Für die In-Memory-Appliance „Hana“ indes, die verschiede Hardware-Hersteller auf der Basis von Xeon-E5-Prozessoren entwickeln, schreibt SAP die Verwendung von Suse-Linux vor. Trotzdem schließt sich Helge Deller, Leiter der SAP Linux Labs bei der SAP AG, der langen Reihe von Gratulanten an. Schleißlich laufen die hauseigenen ERP-Anwendungen auf dieser Linux-Distribution. „Red Hats Betriebssystem-Flaggschiff hat zur Veränderung der Marktdynamiken beigetragen und die Nutzungsmöglichkeit von Open-Source-Plattformen für Enterprise-Applikationen unter Beweis gestellt“, sagt er.

SAP auf RHEL

„SAP war schon immer ein Technologieführer und der erste Software-Anbieter von ERP-Applikationen auf Linux. In der Partnerschaft mit Red Hat helfen wir Anwendern bei der Identifizierung von Möglichkeiten, Open-Source-Plattformen zu nutzen, um Kosten zu senken und die betriebliche Effizienz zu erhöhen.“

Doch auch viele der weltweit größten Public und Private Clouds basieren bereits heute auf Red Hat Enterprise Linux, und auch zahlreiche neue Cloud- und Software-as-a-Service-Applikationen werden auf dieser Plattform entwickelt und betrieben.

Neue Ziele von Red Hat

Offene Standards sind ein Schlüssel für das Cloud-Computing; laut Red Hat gilt das insbesondere für Open Source. Die komplette Infografik gibt es als Download (siehe: unten)
Offene Standards sind ein Schlüssel für das Cloud-Computing; laut Red Hat gilt das insbesondere für Open Source.
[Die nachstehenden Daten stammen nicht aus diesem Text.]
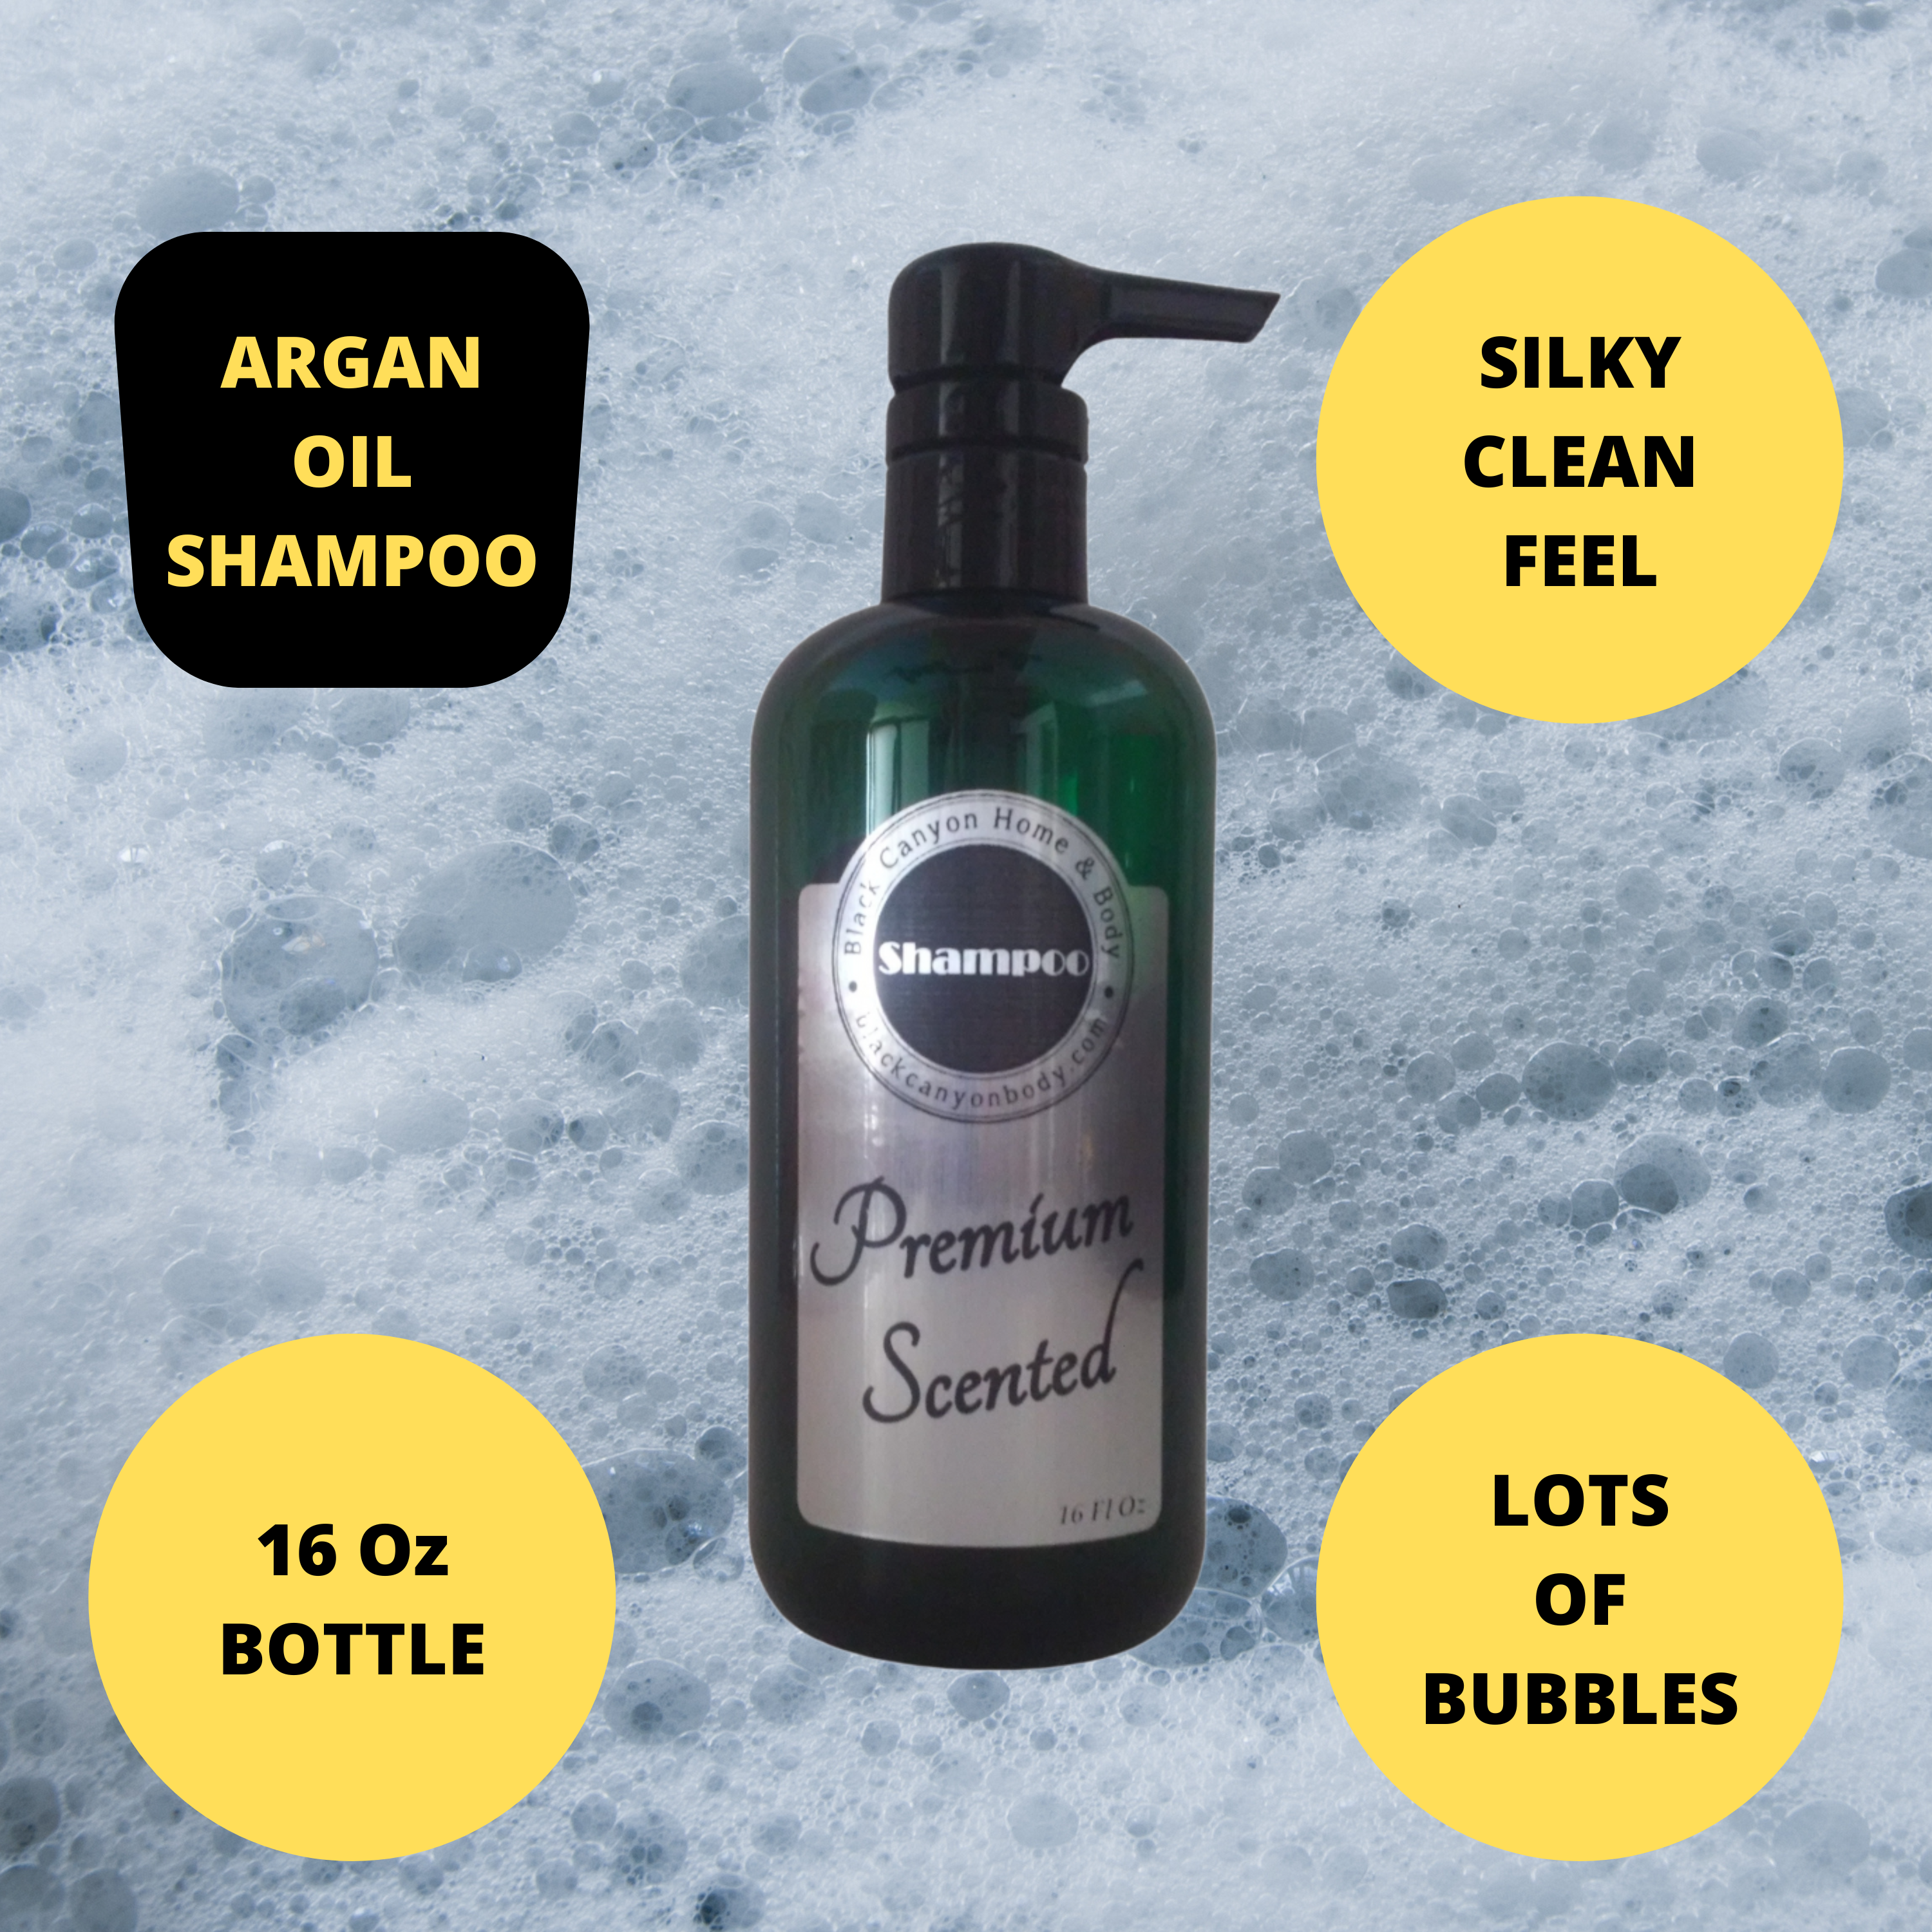 Black Canyon Lemon Tart Scented Shampoo with Argan Oil
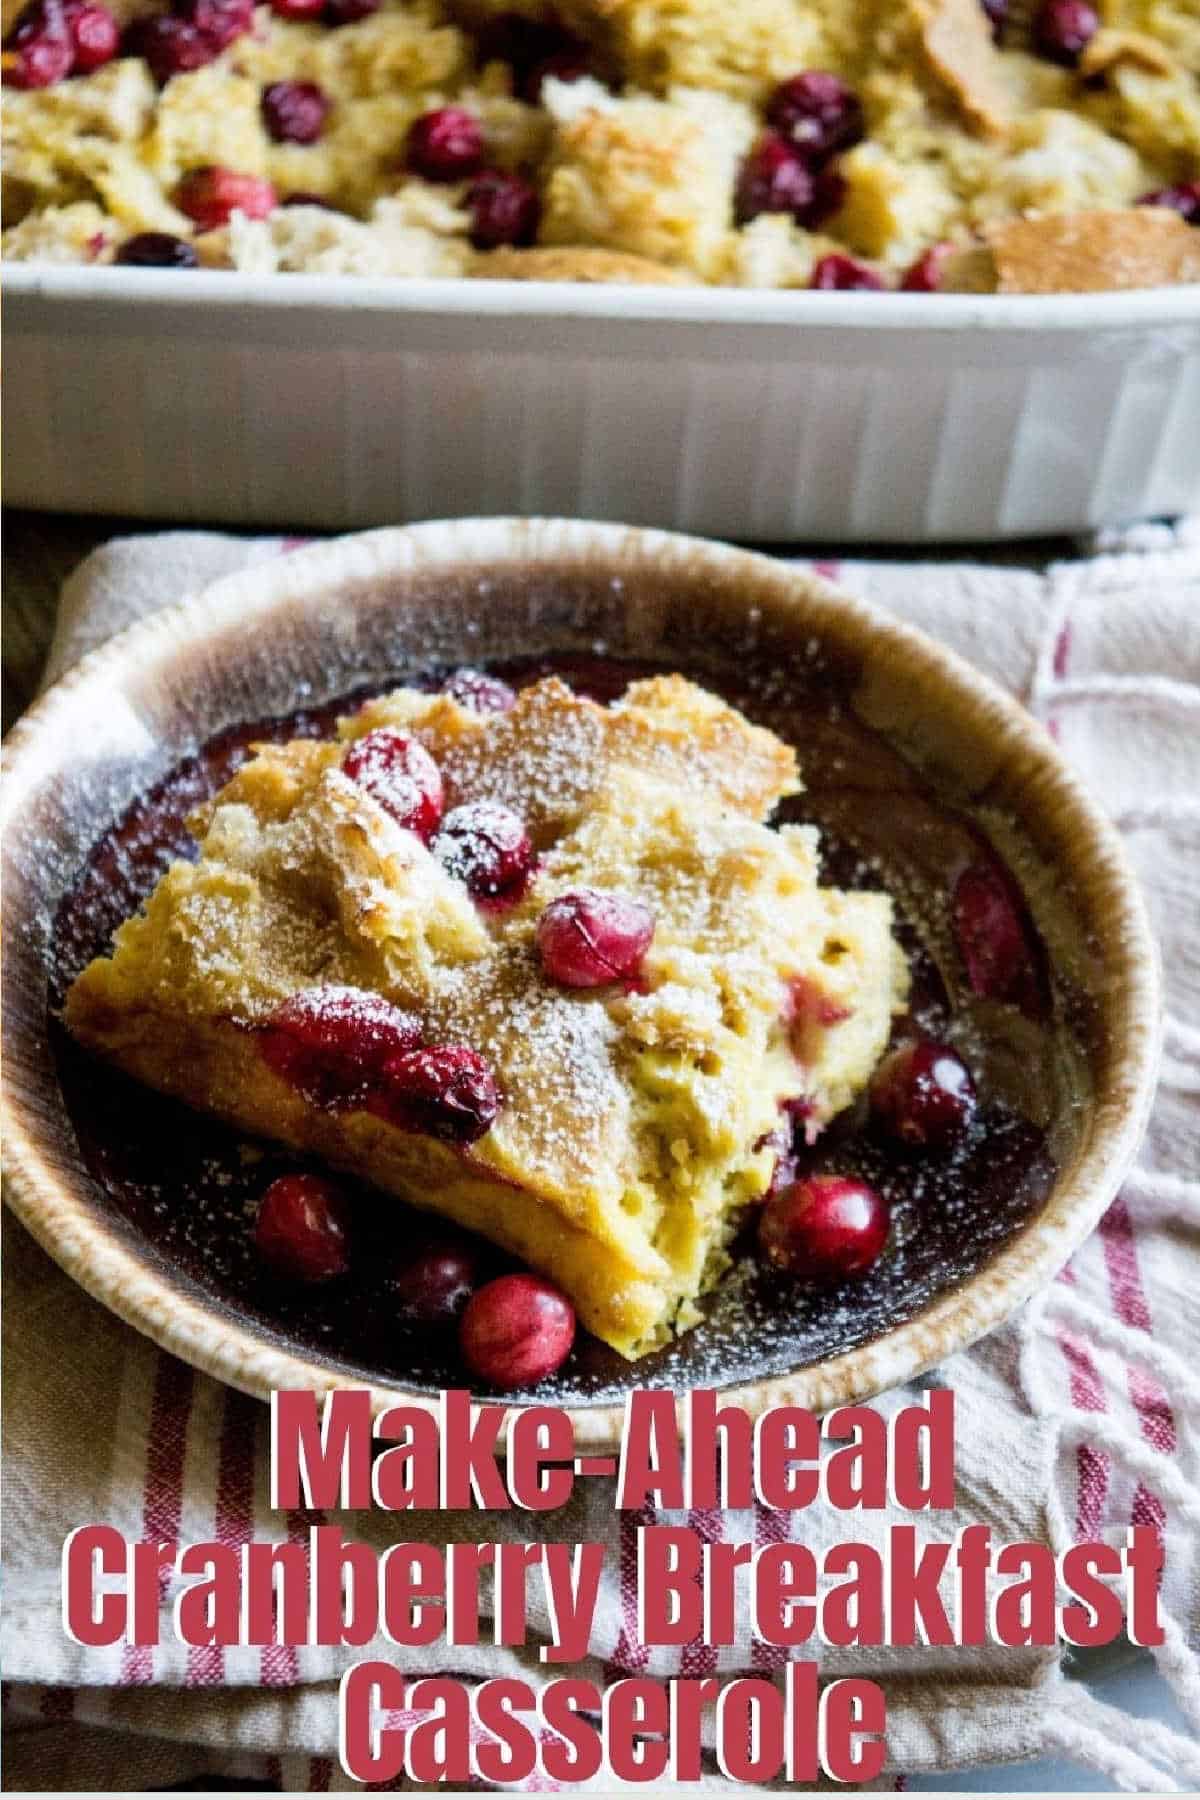 MAKE-AHEAD CRANBERRY EGGNOG BAKE (CHRISTMAS BREAKFAST CASSEROLE) featured image

Die komplette Infografik gibt es als Download (siehe: unten)
(Bild: Rad Hat)

Zu den strategischen Zielen führt Red Hat im Bereich Red Hat Enterprise Linux alle wichtigen Schlagworte:

  • Bereitstellung einer Betriebssystem-Infrastruktur, die hinsichtlich Zuverlässigkeit, Leistungsmerkmalen und Kosteneffizienz industrieweit führend ist
  • Schaffung der Basis für offene Hybrid-Clouds mit der Bereitstellung einer konsistenten Entwicklungs- und Management-Plattform, die die nahtlose Migration von Applikationen zwischen On-premise- und Public-Cloud-Umgebungen ermöglicht und dabei branchenweit führende Funktionalitäten in den Bereichen Mandantenfähigkeit, Ressourcenmanagement und Quality-of-Service bietet
  • Einsatz von Linux für alle möglichen Workloads – für Legacy-Applikationen und Anwendungen der nächsten Generation, sei es innerhalb oder außerhalb des Unternehmens, on-premise oder hybrid. Damit wird den steigenden Workload-Anforderungen Rechnung getragen, die zum Beispiel auf Big-Data- oder mobile Applikationen zurückzuführen sind.